Dan Tepfer, Miguel Zenon deux musiciens incontournables de la scène musicale d’aujourd’hui qui poursuivent un travail en profondeur, un savant mélange d’inspirations diverses, un équilibre entre l’innovation et la tradition, entre musiques couvrant le continent Amérique, musique occidentales européennes et couleurs africaines. Construit autour d’un noyau de quatre compositions de Miguel l’album comprend également de nouvelles compositions de Dan écrites spécifiquement pour le duo, ainsi qu’une relecture de Fanfares du compositeur György Ligeti auquel le jazz n’était pas indifférent et un clin d’œil à Lee Konitz compagnon musical de Dan et un des inspirateurs de Miguel à travers la composition 11 317 E 32nd St de Lennie Tristano. Si, à l’évidence, l’improvisation est une constante de leur musique, on peut largement admettre que la composition écrite est aussi une de leur force. Des thématiques originales issues des racines musicales multiples des deux hommes, les questions réponses, les intrications contrapuntiques et harmoniques donnent à ce disque une beauté plastique indéniable. Si c’est là leur premier disque, le duo n’en est pas à ses débuts, une dizaine d’années de rencontres et de performances leur donnent une maturité dont on attend avec espoir les futurs développements. Par les temps désespérants qui courent ce n’est pas rien l’espoir.

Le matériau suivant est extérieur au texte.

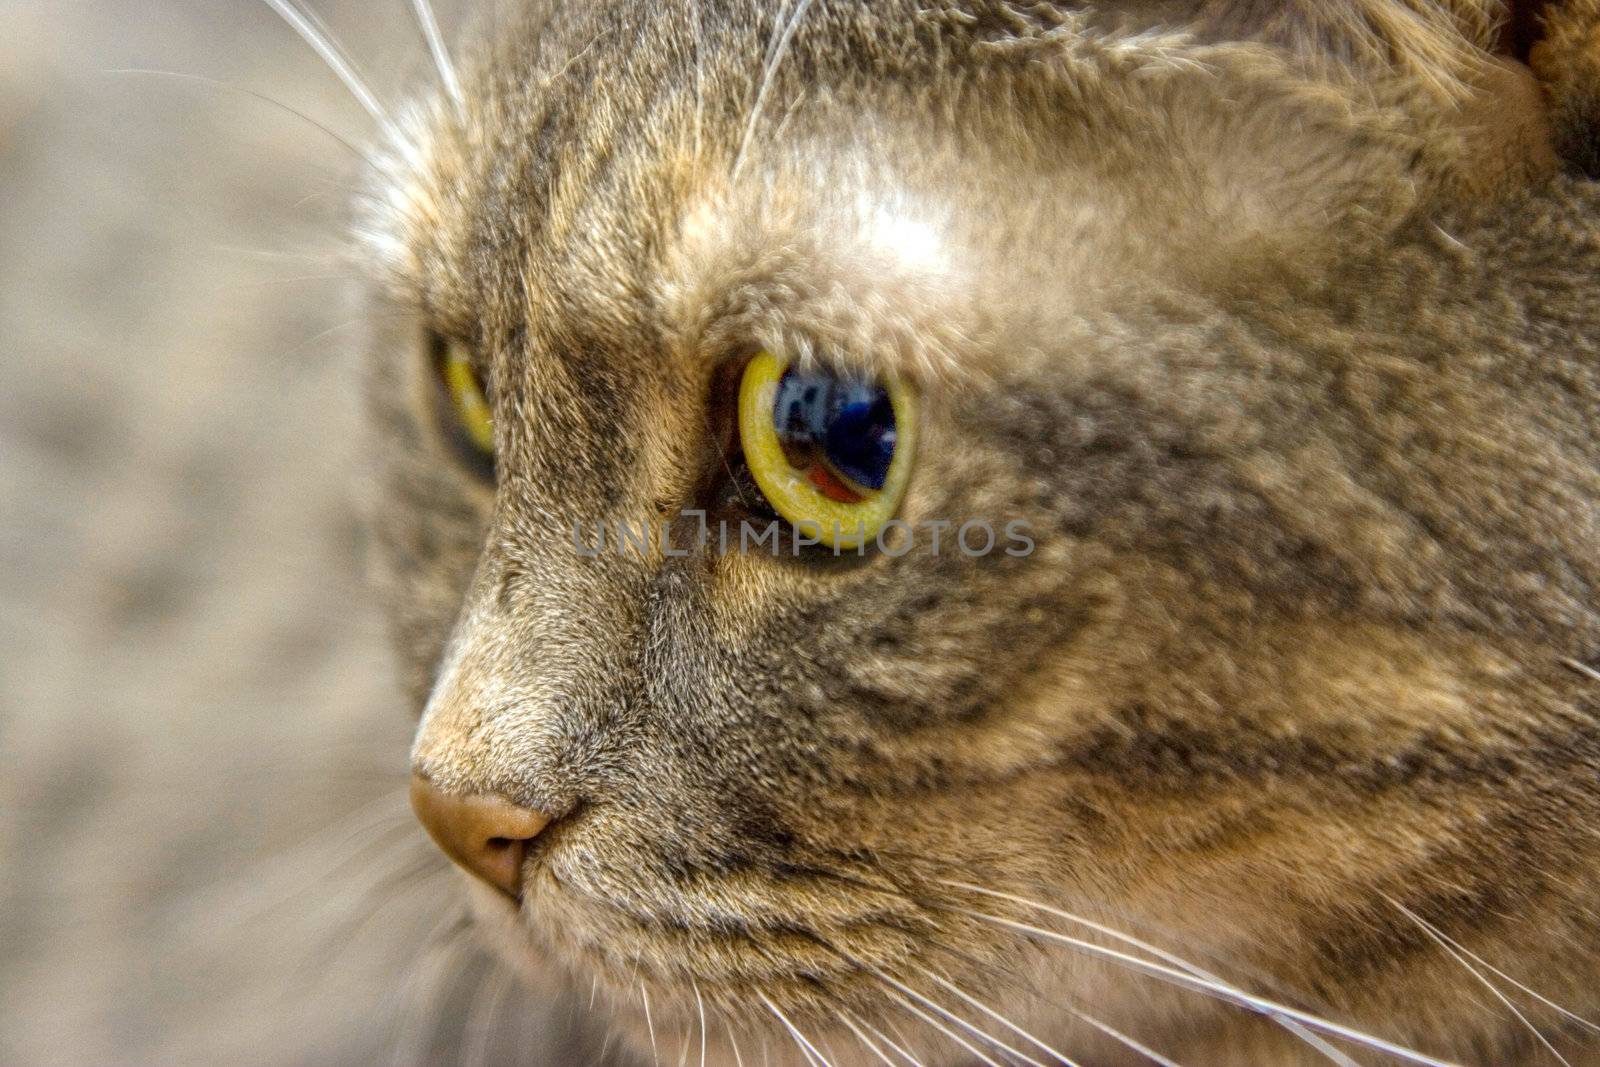 Cat's eye by phakimata

https://www.dantepfer.com/
https://miguelzenon.com/


  SAM NEWSOME, JEAN MICHEL PILC - Cosmic Unconsciousness Unplugged

Sam Newsome, saxophone
Jean-Michel Pilc, piano

Essayer, réessayer des standards mille fois rabâchés comme All the things, How deep is the ocean, Take the A train, eux que l’on croyait essorés, vidés de leur substance. Et bien non, certains trouvent encore les moyens de nous en révéler d’ultimes et infinies possibilités. Il faut être assez libéré des contingences, remettre son esprit à zéro, oublier son expertise tout en ayant les moyens. La tâche est ardue. Et c’est bien ce concept qui est mis à l’œuvre dans cet enregistrement, ça marche ou ça ne marche pas. On devine même qu’il n’y ait eu aucune répétition, presque pas de paroles, même pas de seconde prise, uniquement de la spontanéité entre le saxophoniste soprano Sam Newsome et le pianiste Jean Michel Pilc. Il est vrai qu’ils sont des habitués de la prise de risques, qu’ils ont les moyens artistiques de laisser la musique s’épanouir, spontanéité contrôlée en quelque sorte. Il est vrai également qu’ils sont prêts à faire appel à d’autres modes de jeux. Ainsi sur leur composition Cosmic Unconsciousness Unplugged il est parfois bien difficile de dire qui fait quoi tellement leurs instruments sont malaxés, triturés et si c’est remarquable l’important est pourtant l’histoire que tous les deux nous racontent. Des beaux moments poétiques de Bittersweet Euphoria, Take the A train à la relecture de Solitude, bienvenue dans ce monde où l’intelligence musicale est à l’œuvre.